Meduseld’s aim is to put a “modern face on an ancient beverage by mixing ingredients and flavor profiles from many cultures both far and familiar.” And this they have done well! Mead, a spirit of fermented honey is legally categorized like a wine (and can carry an ABV like one), but its versatility can lend a product similar to ale or something uniquely in between. To get the full gamut of what Meduseld offers, we opted for a flight. We started with the basic: Just Honey Batch #1, a traditional mead made with Blueberry Blossom honey.

I was intrigued by several of the meads incorporating specific hop varieties. We sampled Amber Patterns, which uses Amarillo and Mosaic hops. The hops add their characteristic orange and fruity essence to the mead.
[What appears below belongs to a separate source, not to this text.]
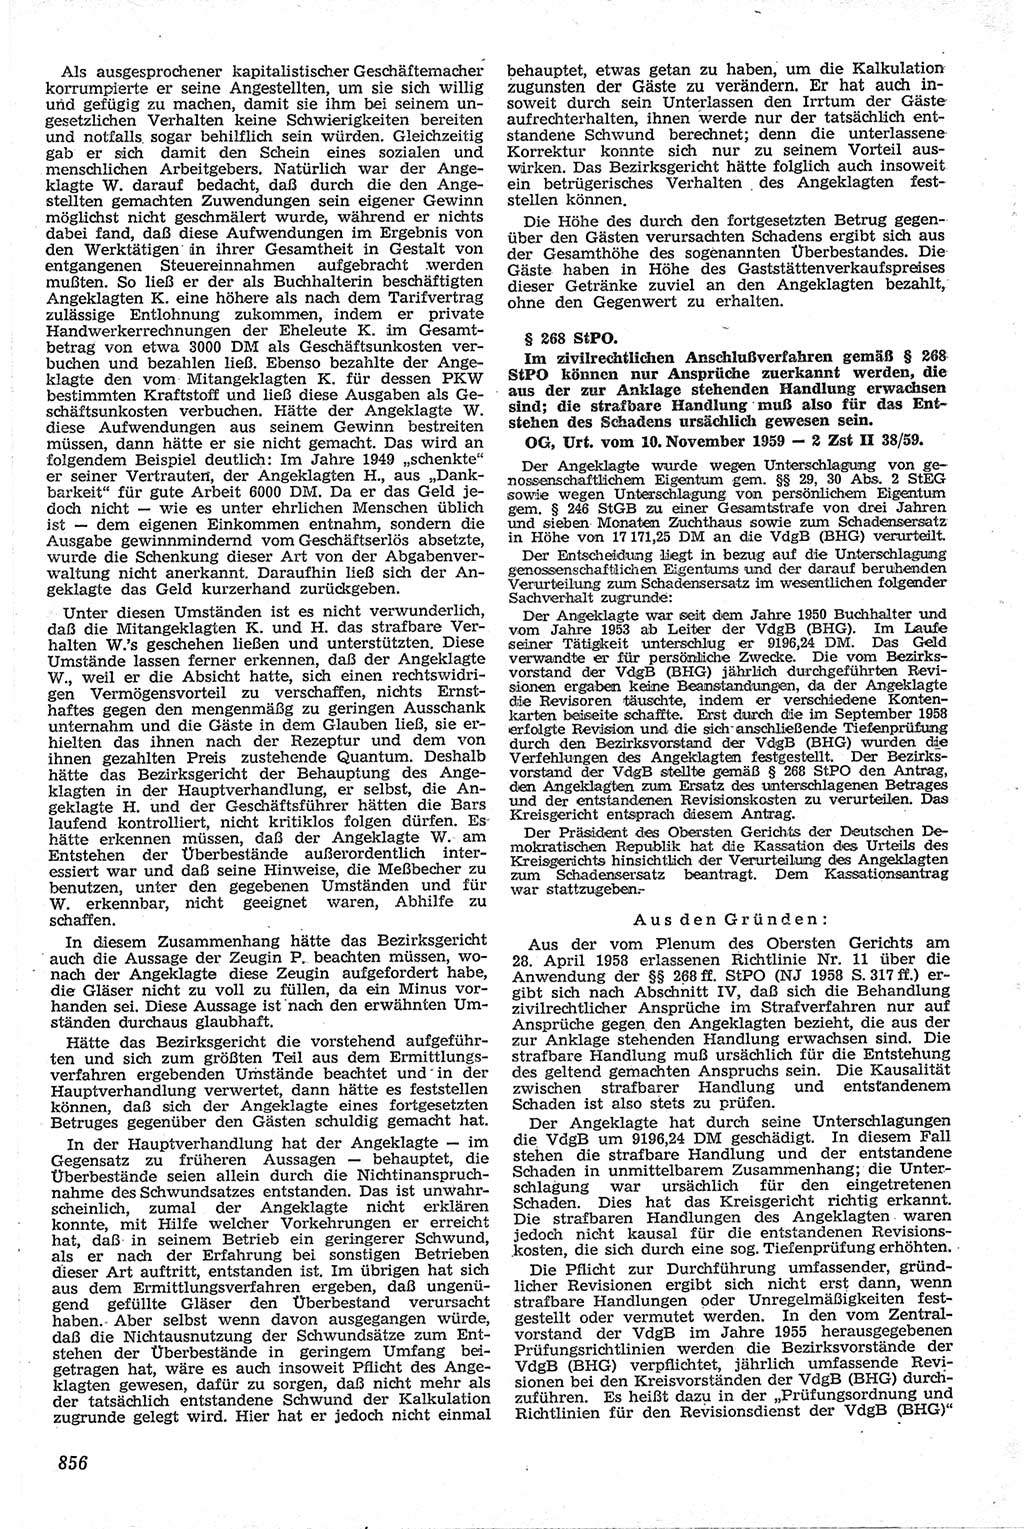 Neue Justiz (NJ), Zeitschrift für Recht und Rechtswissenschaft [Deutsche Demokratische Republik (DDR)], 13. Jahrgang 1959, Seite 856 (NJ DDR 1959, S. 856)

Looking for something closer to wine, we chose Nan’s Relish, a Pyment style mead created with Gewurztraminer grapes and wildflower honey and infused with cranberries and oranges. The result is a tart and fruity concoction with a pinkish haze.

Simply because of its mention of terroir, we added The Night Is Dark and Full of Terroir, a Metheglin or spiced mead. This “secret blend of honey” is combined with spices and fruits to create a “wintry appeal.” All the meads were good and not all of them were super sweet as one might expect.

Meduseld, which translates from Old English to “mead hall,” is the fictional golden hall built in J.R.R. Tolkien’s fantasy world of Edoras, the capital of Rohan. (Photos by Michael Upton)

Let it be known, this was my first trip into the meadery, but it was not my first attempt. Meduseld operates on some limited hours opening at 6 p.m. Wednesday through Friday and a few hours earlier on Saturday and Sunday. So, check to see if they are open before making the pilgrimage. (They are closed Monday and Tuesday.) And, even if you do find yourself at the meadery with the doors closed, The Fridge is just right across the street.